Top of Given information

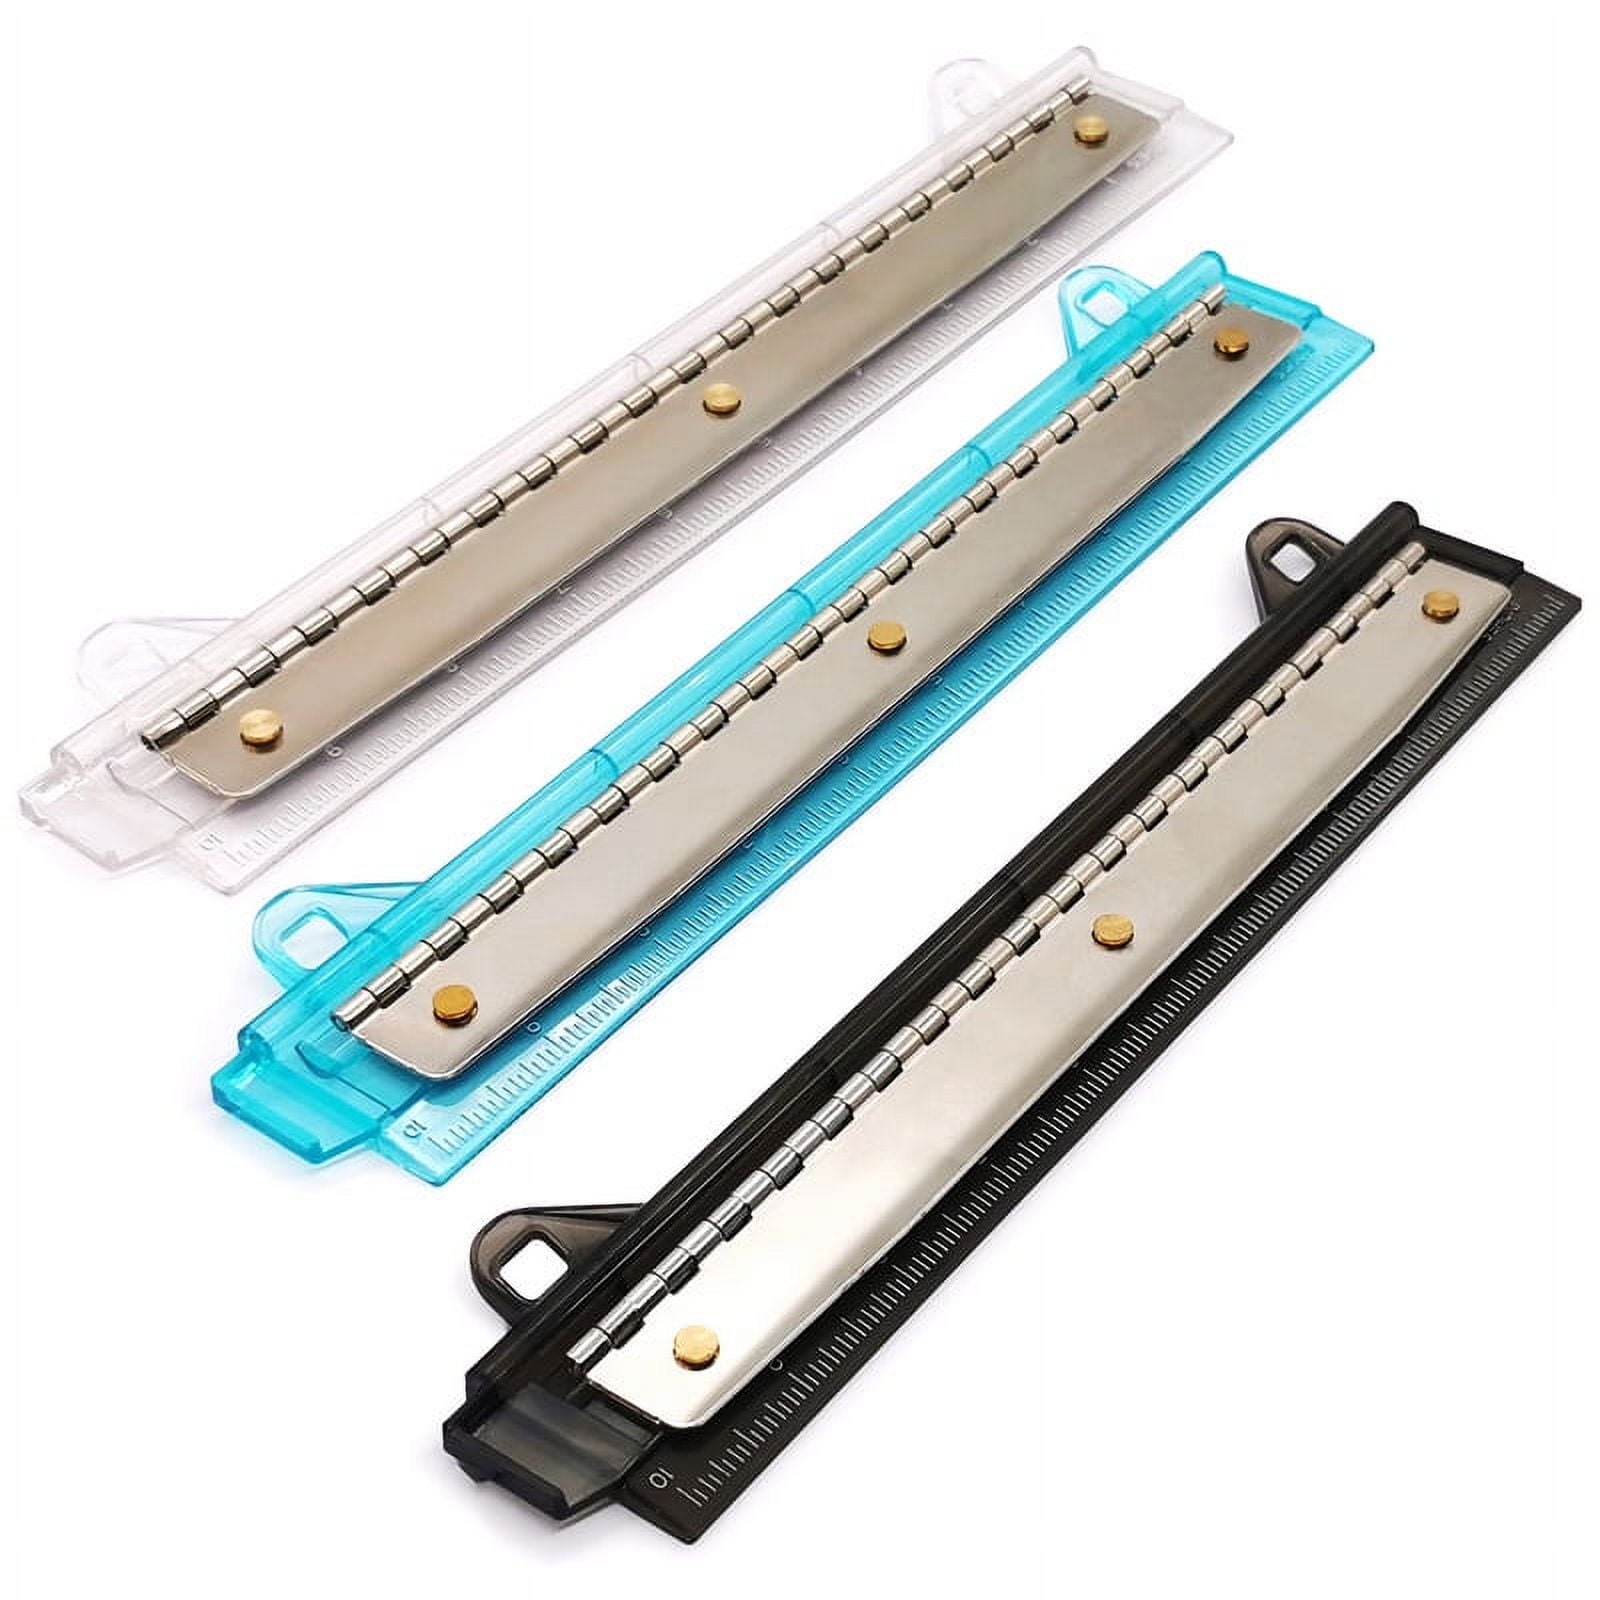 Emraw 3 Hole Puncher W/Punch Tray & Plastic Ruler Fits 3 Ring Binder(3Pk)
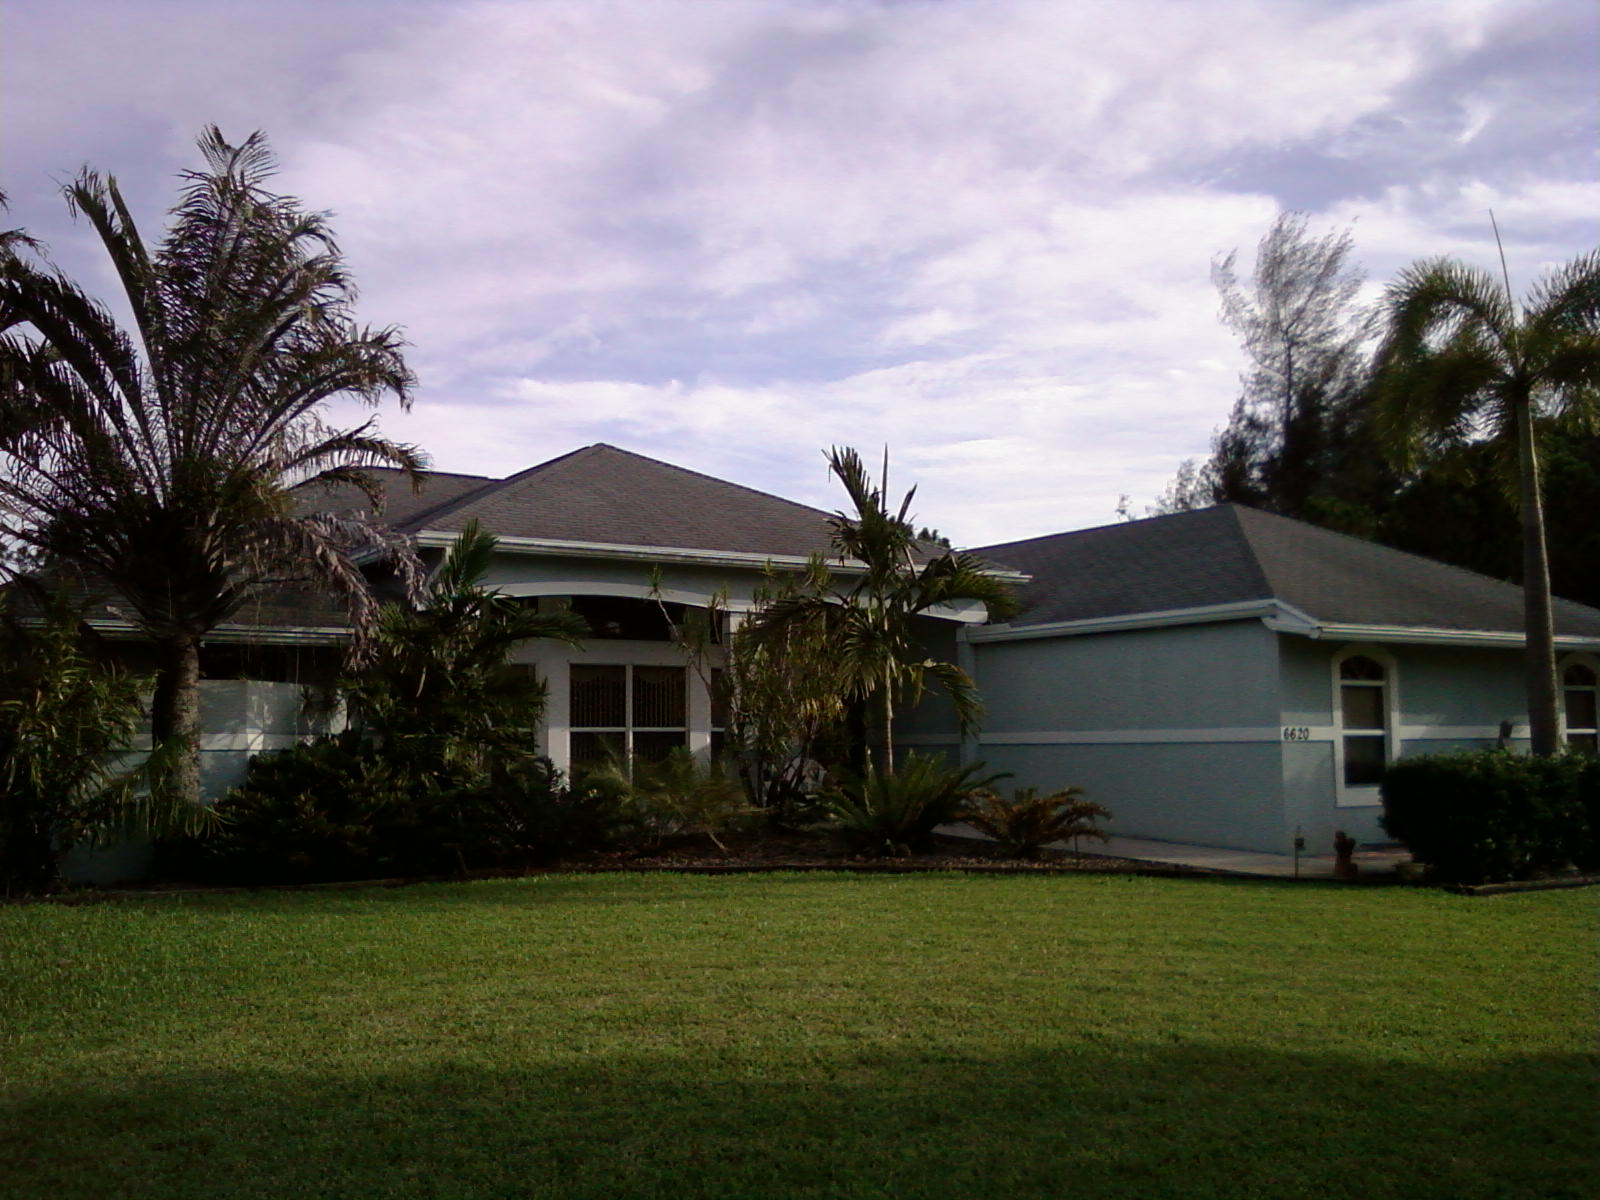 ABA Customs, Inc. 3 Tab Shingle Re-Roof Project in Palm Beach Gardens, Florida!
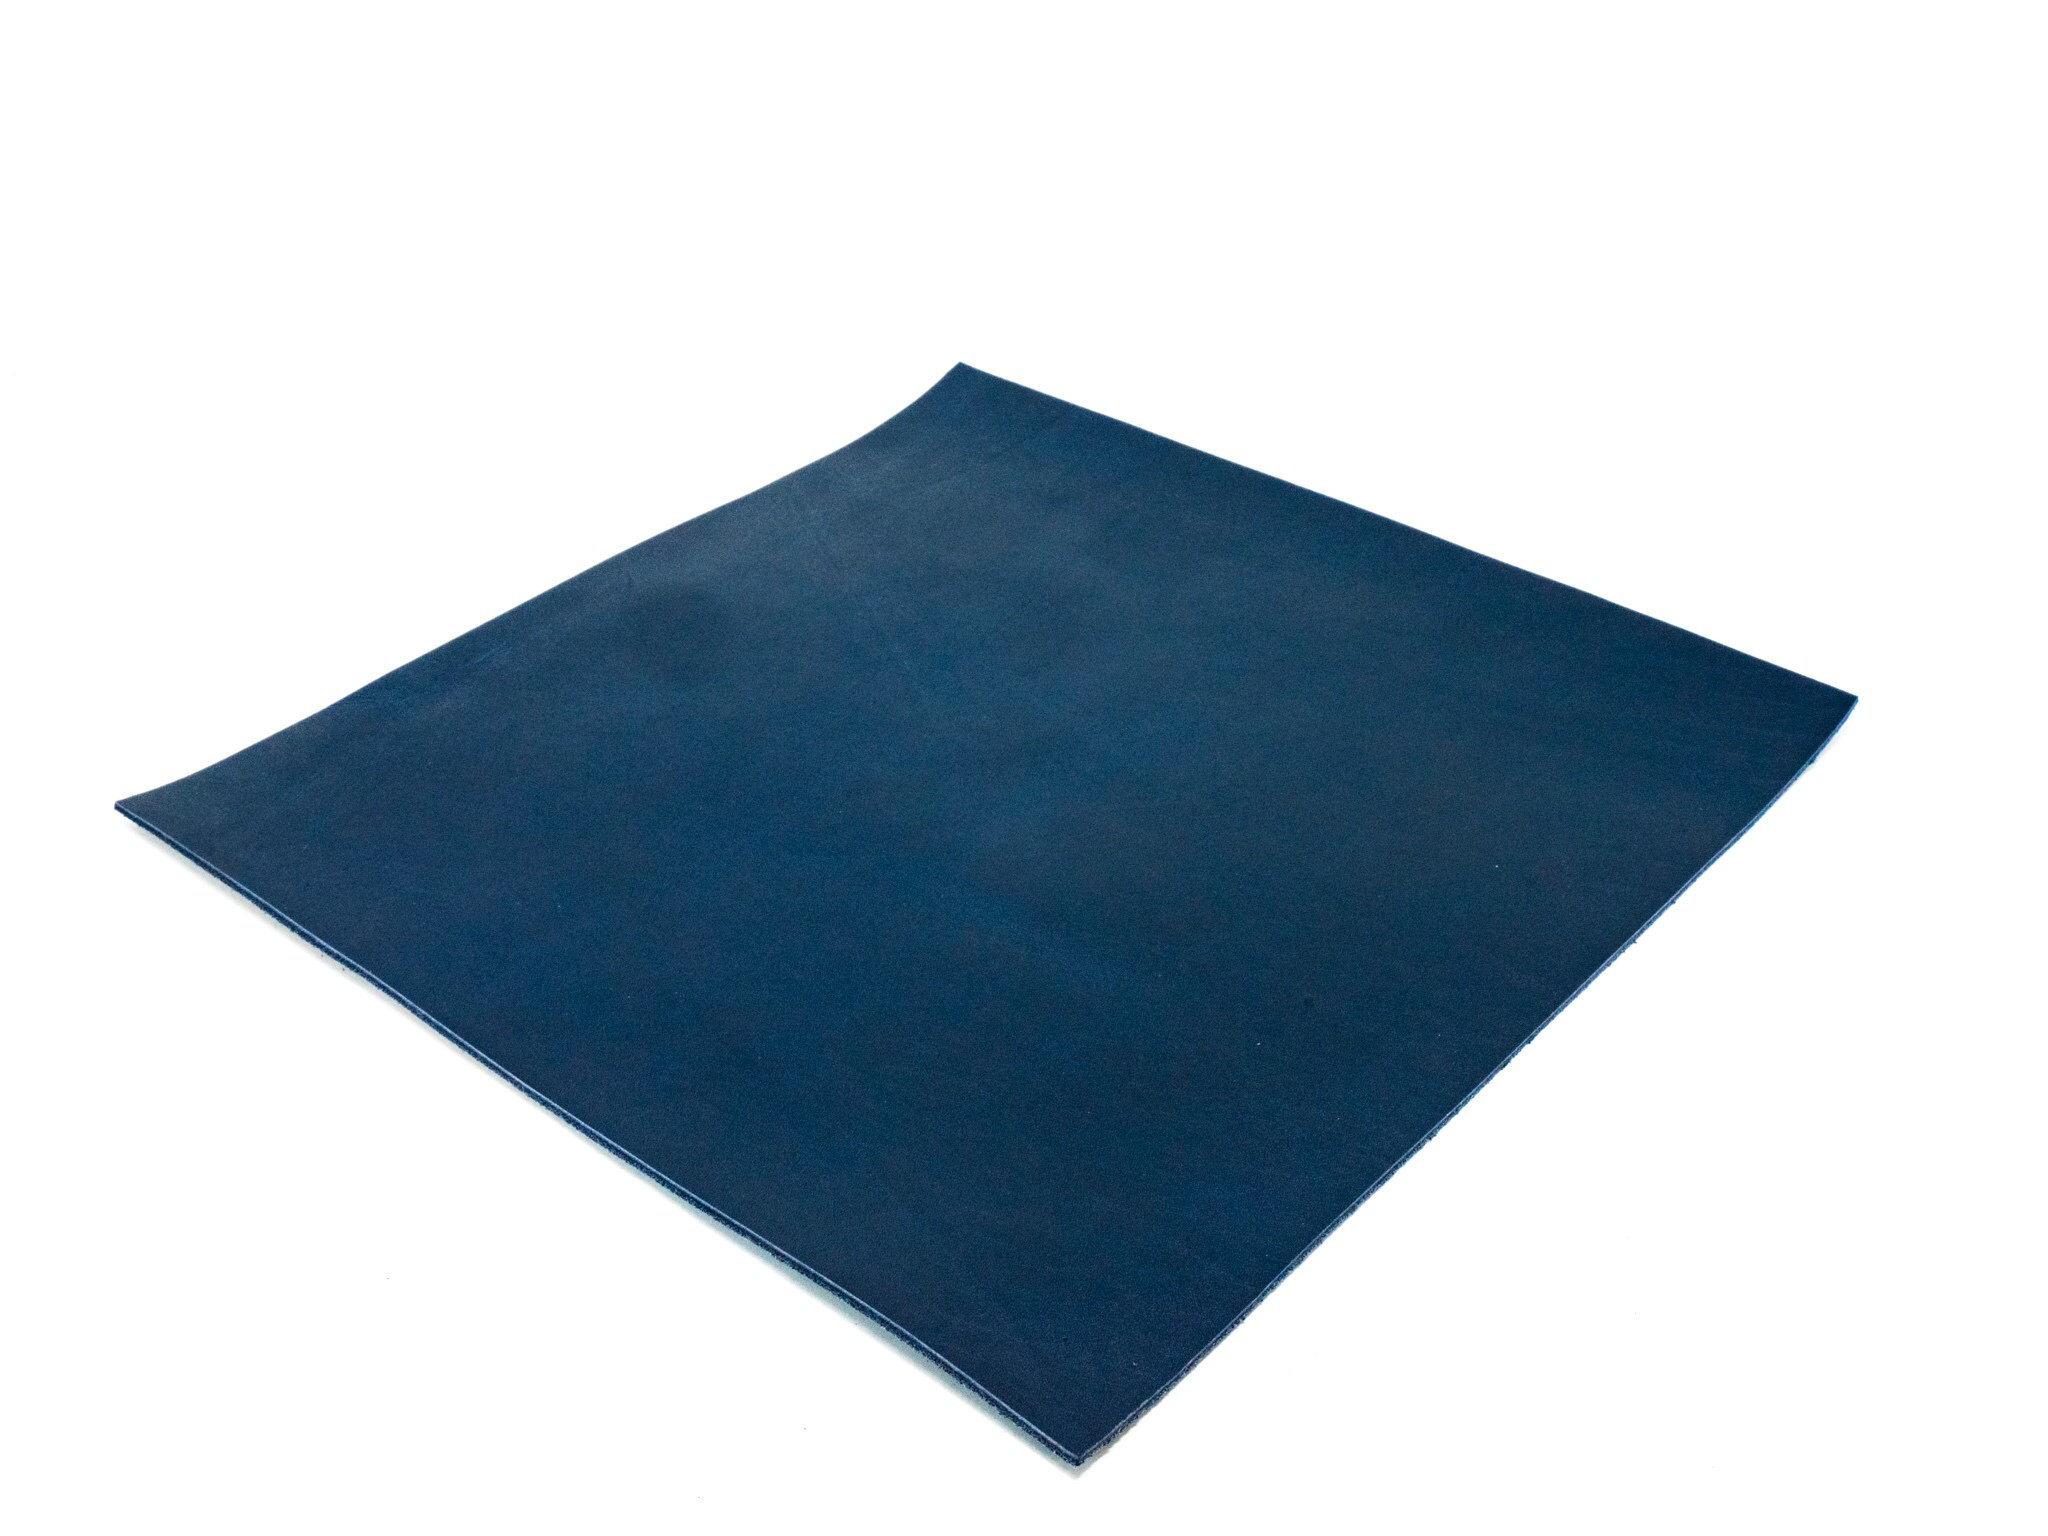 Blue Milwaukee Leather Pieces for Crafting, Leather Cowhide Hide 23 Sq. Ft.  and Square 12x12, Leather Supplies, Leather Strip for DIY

Bottom of Given information

Exercise — Drop the images, then copy the data exactly.

Exercise response —
 Emraw 3 Hole Puncher W/Punch Tray & Plastic Ruler Fits 3 Ring Binder(3Pk)
 ABA Customs, Inc. 3 Tab Shingle Re-Roof Project in Palm Beach Gardens, Florida!
 Blue Milwaukee Leather Pieces for Crafting, Leather Cowhide Hide 23 Sq. Ft.  and Square 12x12, Leather Supplies, Leather Strip for DIY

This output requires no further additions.